I think with the hypenated adjectives there is some flexibility. The editors drop the hyphen, I believe, when the adjective succeeds the noun, as in These socks aren't knee length!
this is, very simply, the rule. phrasal or compound modifiers are hyphenated preceding a noun or adjective and open following one, with a few exceptions. the new yorker is generally consistent in applying this rule, but nobody's perfect. they also employ some outdated hyphenation, such as in descriptions of colors (e.g., sky-blue sweater). i don't know how "door to door" was used when you spotted it, patrick, but it would be appropriate to hyphenate it or "back and forth" when the phrase preceded a noun, and unnecessary, though not truly incorrect, in a sentence like "i went door to door," which i think is fine english.
"mouse-ish": uncalled for. i assume they thought it conveyed a cutesyness that "mouselike" or "mousy," and almost certainly "murine," would not. some of these unconventional words are written as they are for sentimental, stylistic purposes.
i don't love "on the ascendant," either, but "ascendant," while more commonly used as an adjective, is a legitimate noun.
Telekinesis rocks. jp, You have read "The Girl with the Silver Eyes" haven't you? I think you'd love it. Just a hunch.
you know, i haven't read it, because when i first heard of it it struck me as such a shameless x-men ripoff, and being the marvel addict that i am i was endlessly offended by that. but i'm loving heroes, and i'm all atwitter about the final harry potter . . . perhaps i've grown more forgiving in my old age. there are only so many ideas to go around, after all, and if you're going to borrow from one, stan lee's are pretty good. besides, "thalidomide" is such an alluring word . . .
JP -- very crisp. I like.
In compound adjectives preceding the noun, doesn't it come down to the writer's judgement of whether dropping the hyphen will create confusion?
"I ate three pickled onion pancakes" should take a hyphen, but, as you mentioned, "sky blue sweater" doesn't need one.
By the way, in your view, is "the writer" a he or a she?

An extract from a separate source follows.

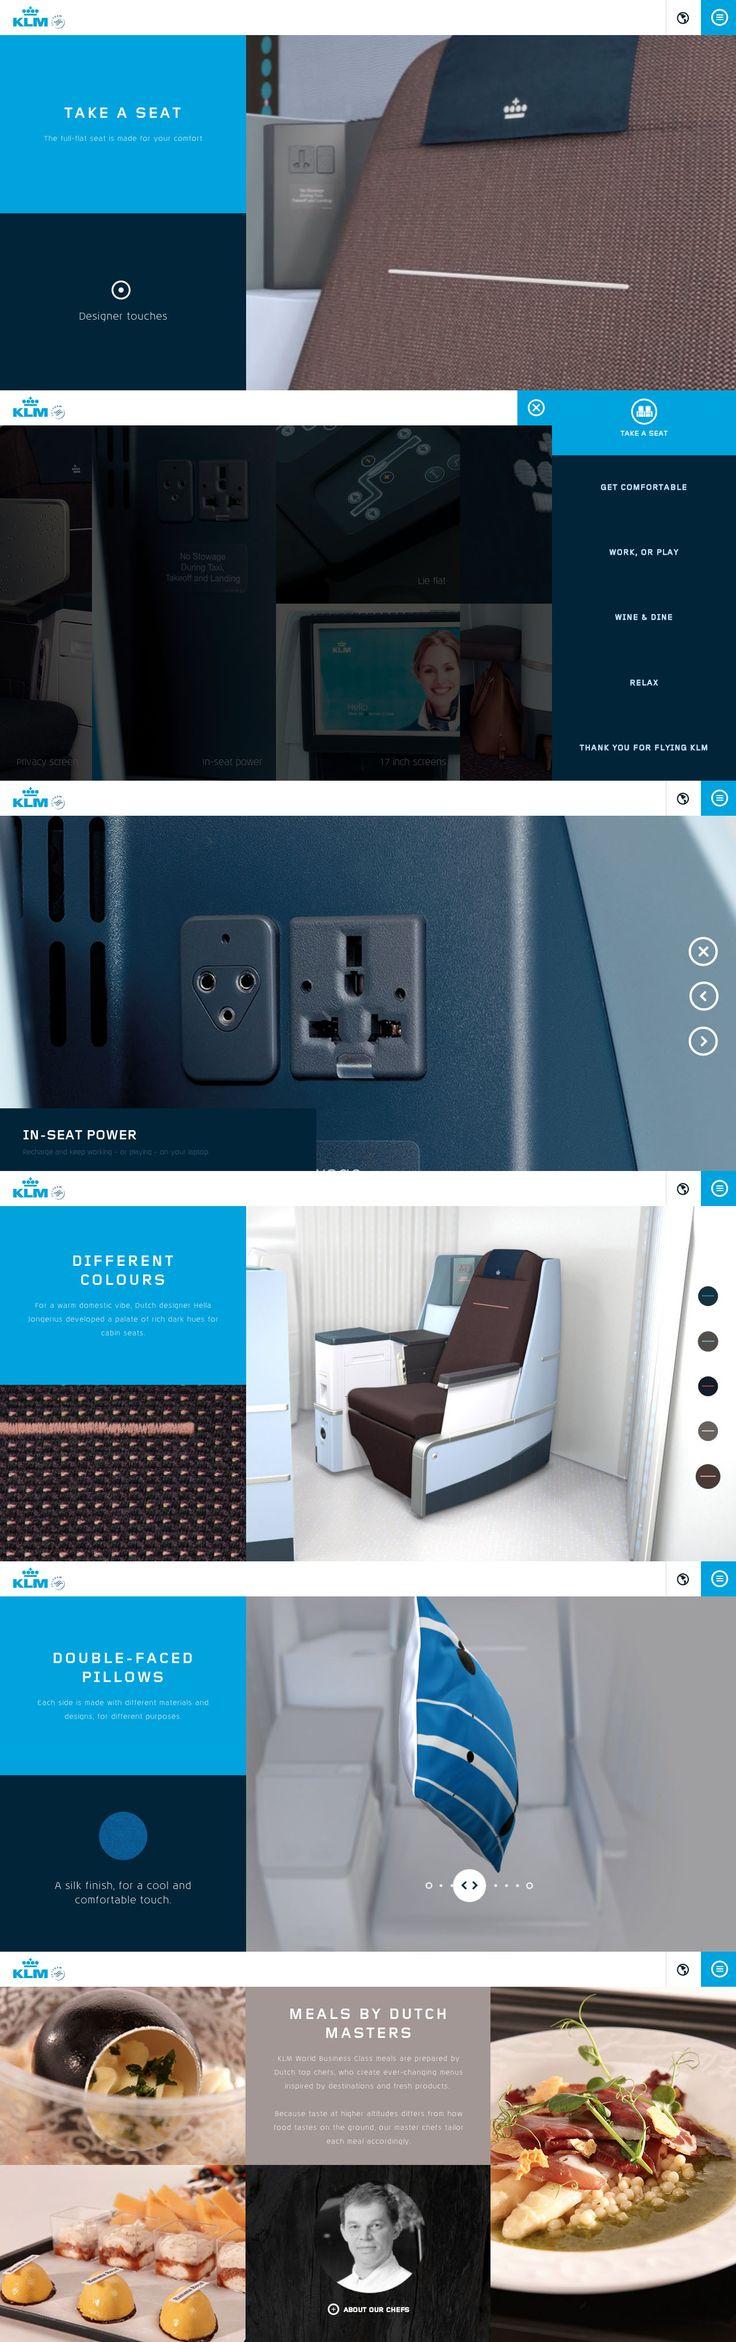 KLM - World Business Class  Clean, smooth & beautiful. http://wbc.klm.com
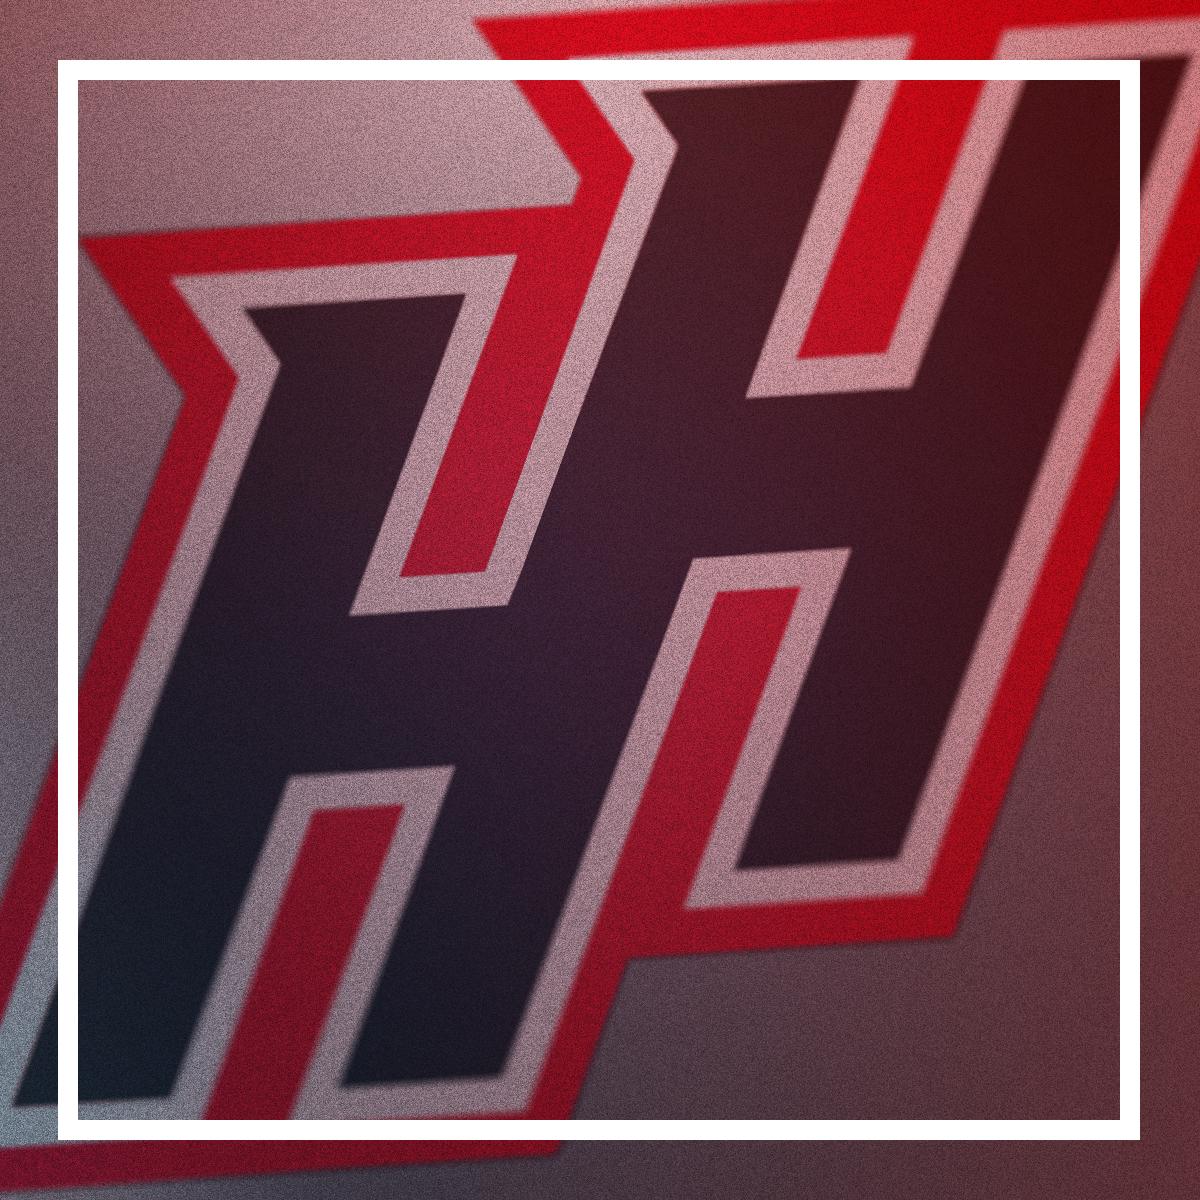 hhuskies_secondary_logo.png

it is ultimately a matter of smoothing out the reading, jjb. the context of the material and assumptions about what sort of language the reader will be familiar with should both come into play. for example, the new yorker might hyphenate something like "mental health," just to be on the strict and safe side, whereas an academic publication, or probably even a newspaper, would leave it open, assuming (i'd say correctly) that most people would figure it out without too much effort. the general rule about compound modifiers exists as a guideline, and like all guidelines it is open to tweaking and disregard.
i'm not sure i understand your question about the writer's gender. are you asking if i prefer "he" or "she" when referring to an anonymous or indefinite party? if so, i tend to go with "he or she." it's sometimes cumbersome, but it's always fair.
I knew I wasn't the only eighth-grader with an imaginary boyfriend named Tom Mozart.